Range to copy from the entries below: the line containing "Jordan Daniels and" through the line containing "International Biodiesel Day", inclusive. Retype only those lines, exactly, without any images.

_AVAILABLE DATA_
----------------

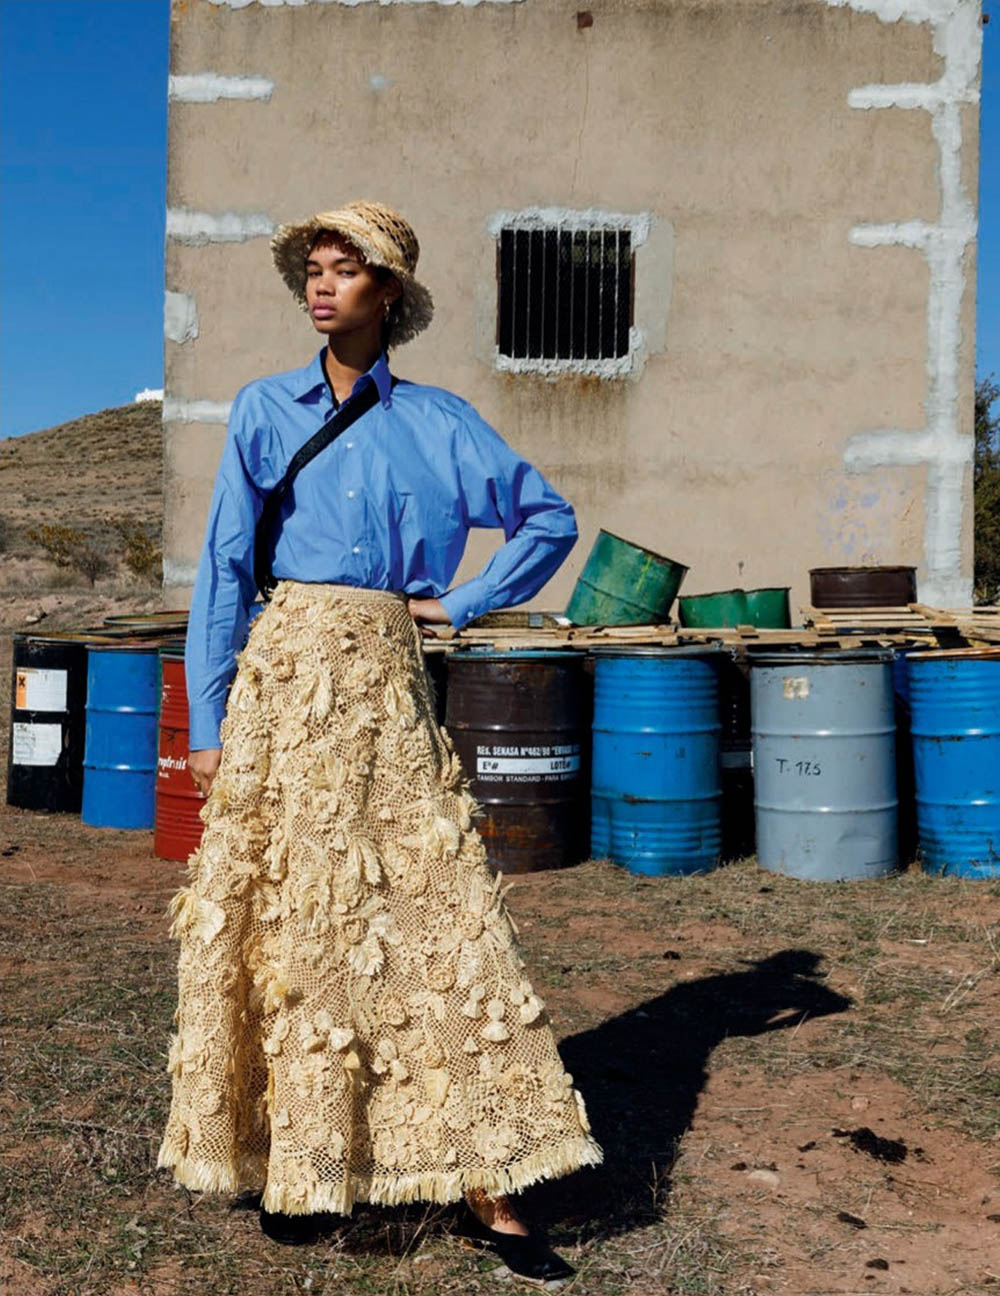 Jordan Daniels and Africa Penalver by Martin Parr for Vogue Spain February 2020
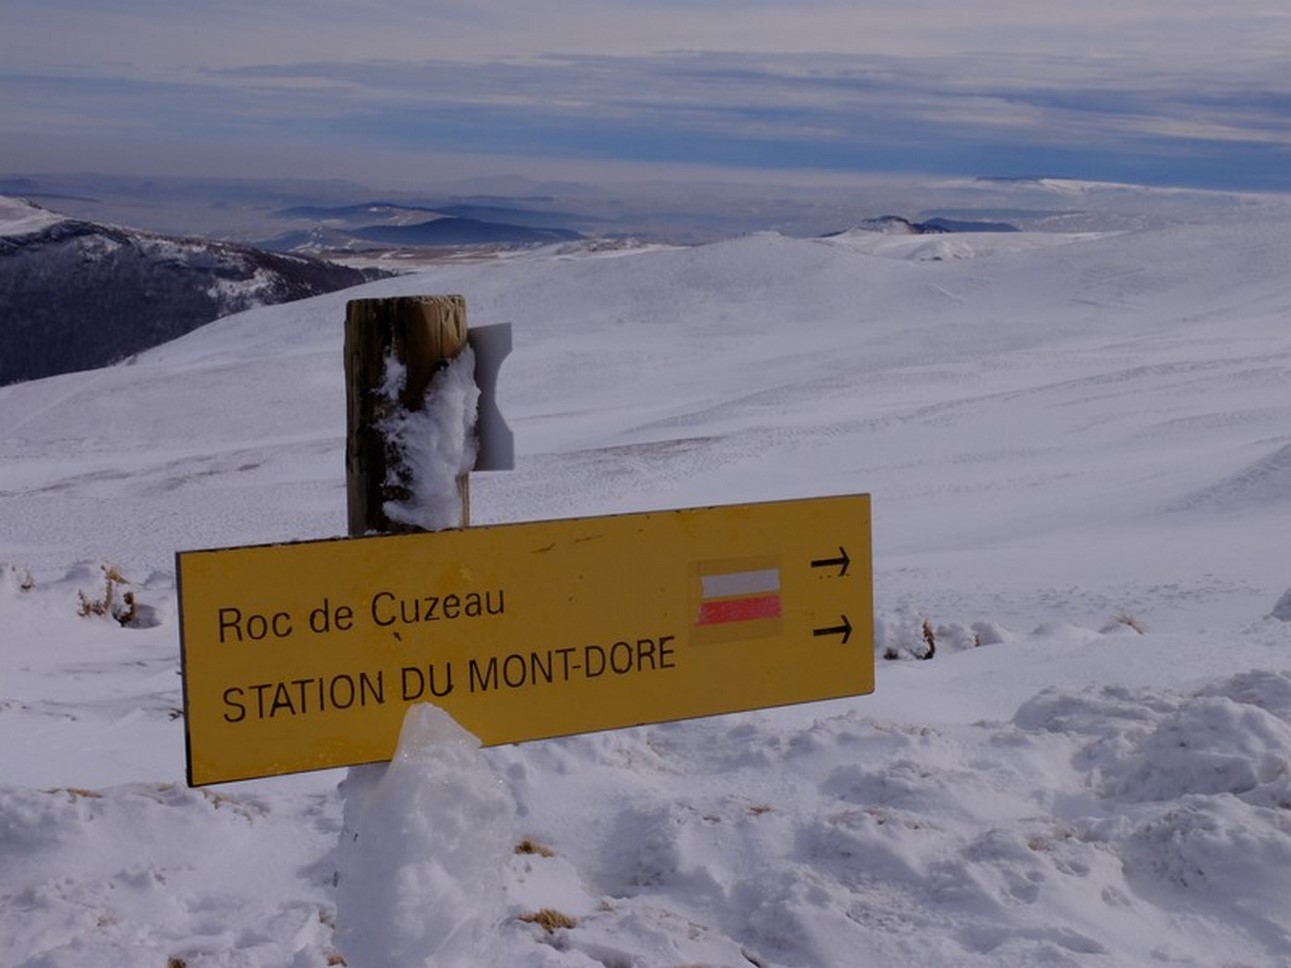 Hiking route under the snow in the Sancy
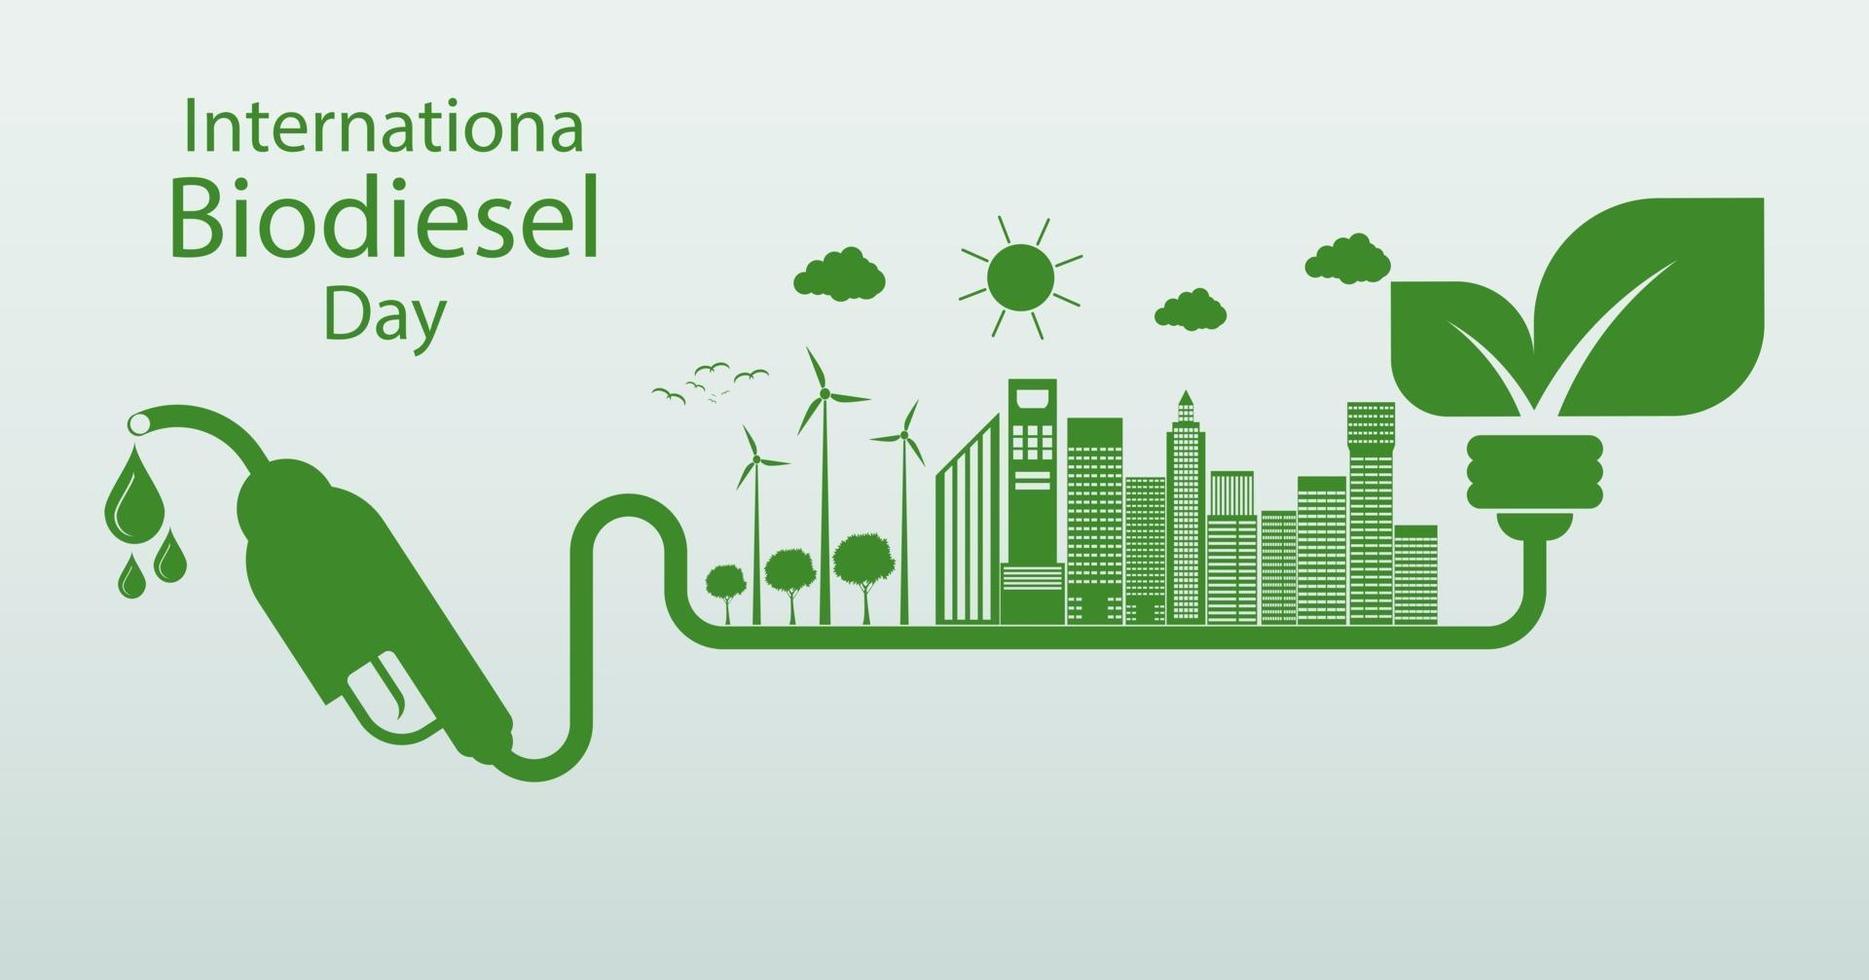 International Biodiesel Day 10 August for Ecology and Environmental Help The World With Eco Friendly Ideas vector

----------------

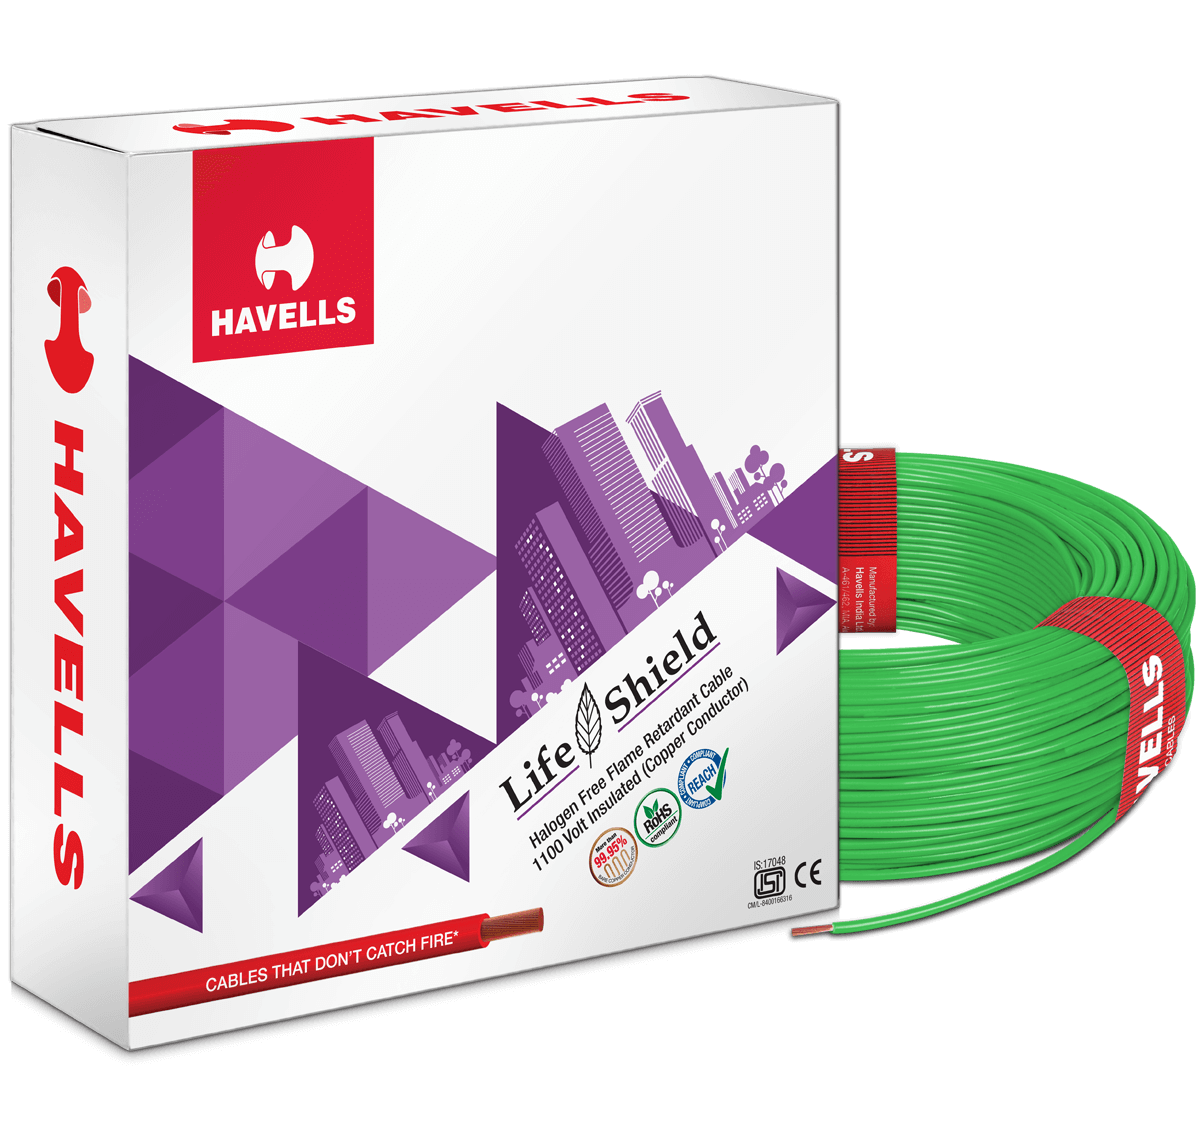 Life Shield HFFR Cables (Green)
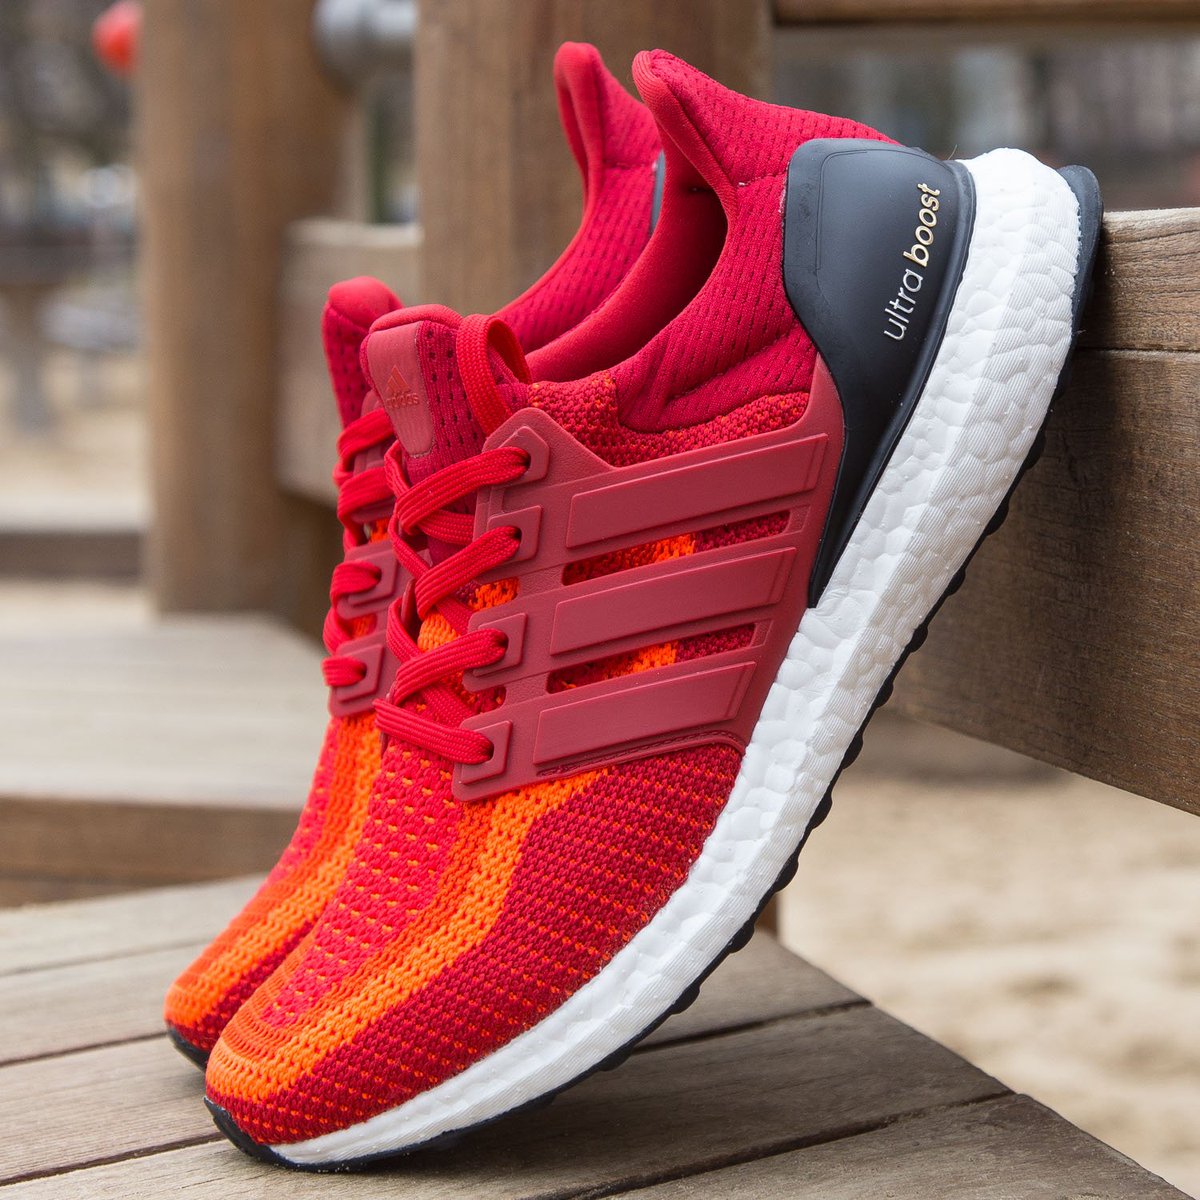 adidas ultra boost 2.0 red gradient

----------------

_EXERCISE RESULT_
 Jordan Daniels and Africa Penalver by Martin Parr for Vogue Spain February 2020
 Hiking route under the snow in the Sancy
 International Biodiesel Day 10 August for Ecology and Environmental Help The World With Eco Friendly Ideas vector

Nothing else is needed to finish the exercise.